Güncelleme Tarihi:
Clinton'ın görevde olduğu süre boyunca resmi yazışmalarında özel e-posta adresini kullandığının ortaya çıkması ile başlayan tartışma neticesinde Washington’daki federal yargıç; ABD Dışişleri Bakanlığı’nın, 55 bin sayfalık e-posta yazışmalarını 30 Haziran'dan başlayarak gruplar halinde her 30 günde bir kamuoyuna açıklaması gerektiğine hükmetmişti.
ABD’de önümüzdeki sene yapılacak başkanlık seçimleri öncesi Demokrat Parti’nin en güçlü adayı Clinton'ın, 2012’de ABD Büyükelçisi’nin de öldürüldüğü Bingazi Olayı’yla ilgili o dönem kullandığı kişisel e-posta adresindeki resmi yazışmalar mahkeme kararıyla Mayıs ayında kamuoyuna açıklanmıştı.
Anadolu Ajansı'nın haberine göre, daha çok yabancı liderle telefon görüşmeleri de dahil bakanlığın günlük rutin aktivilerine dair yazışmaları yer aldığı e-postalarda bazı ilginç ayrıntılar dikkati çekiyor.
Bu noktada, o dönem ABD Başkanı Barack Obama'nın özel kalem müdürlüğünü yapan Rahm Emanuel ile yine o dönemki kıdemli danışmanı David Axelrod dahil bazı Beyaz Saray yetkililerinin Clinton'ın iş için kişisel e-posta adresini kullandığından bilgisinin olduğu görüldü.
"SAKIN GÜLME"
E-postalarda bazı ilginç ayrıntılar da var. 20 Eylül 2009 tarihinde Clinton'ın, yardımcısına e-posta atarak, "Lütfen Sarah'ı ara ve bana buzlu çay getirip getiremeyeceğini sor?" yazdığı dikkati çekti.
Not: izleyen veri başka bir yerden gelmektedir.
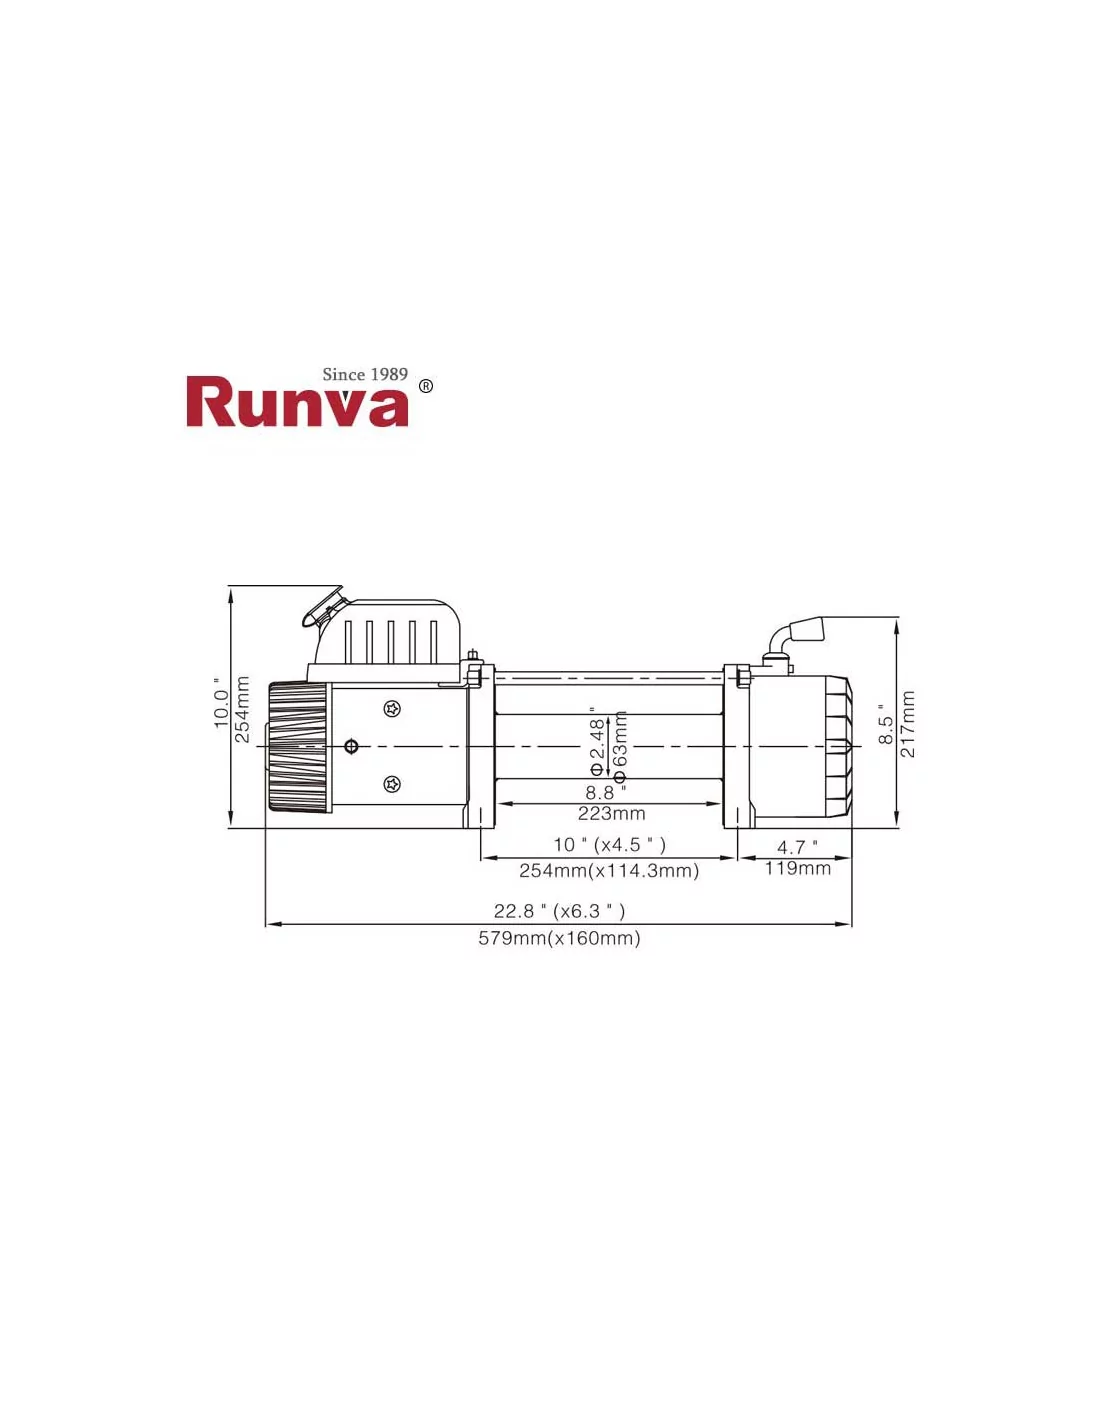 Cabrestante eléctrico Runva EWX12000UWS3 12V con cuerda de acero -  UNITRAILER

Başka bir seferde de Clinton, yardımcısına "Sakın gülme!!" diye başlık attığı e-postada Çin'de beğendiği halılarla ilgili fotoğraflar istedi.
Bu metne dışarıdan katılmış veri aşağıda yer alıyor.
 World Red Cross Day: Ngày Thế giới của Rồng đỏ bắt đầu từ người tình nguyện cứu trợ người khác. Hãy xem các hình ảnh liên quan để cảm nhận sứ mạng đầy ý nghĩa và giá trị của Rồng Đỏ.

Türkiye ile Ermenistan arasında normalleşme süreciyle ilgili Ekim 2009'da imzalanan protokoller öncesinde Clinton ve ekibinin bazı yazışmaları da yayınlanan e-postalar arasında yer aldı.
Dönemin Dışişleri Bakanlığı Müsteşar Yardımcısı Philip Gordon'ın gönderdiği bir e-postada, dönemin Dışişleri Bakanı Ahmet Davutoğlu'nun, Ermenistan tarafının mutabık kalması halinde açıklamayı "yarın yapmaya hazır olduğu" ifadesi de kullanıldı. Bu noktada Clinton'ın taraflarla telefon görüşmesi yapması noktasında birçok yazışmalarının olduğu da görüldü.
Bazı yazışmalarda Davutoğlu'nun ismi kısaltılarak "Davu" şeklinde kullanıldı.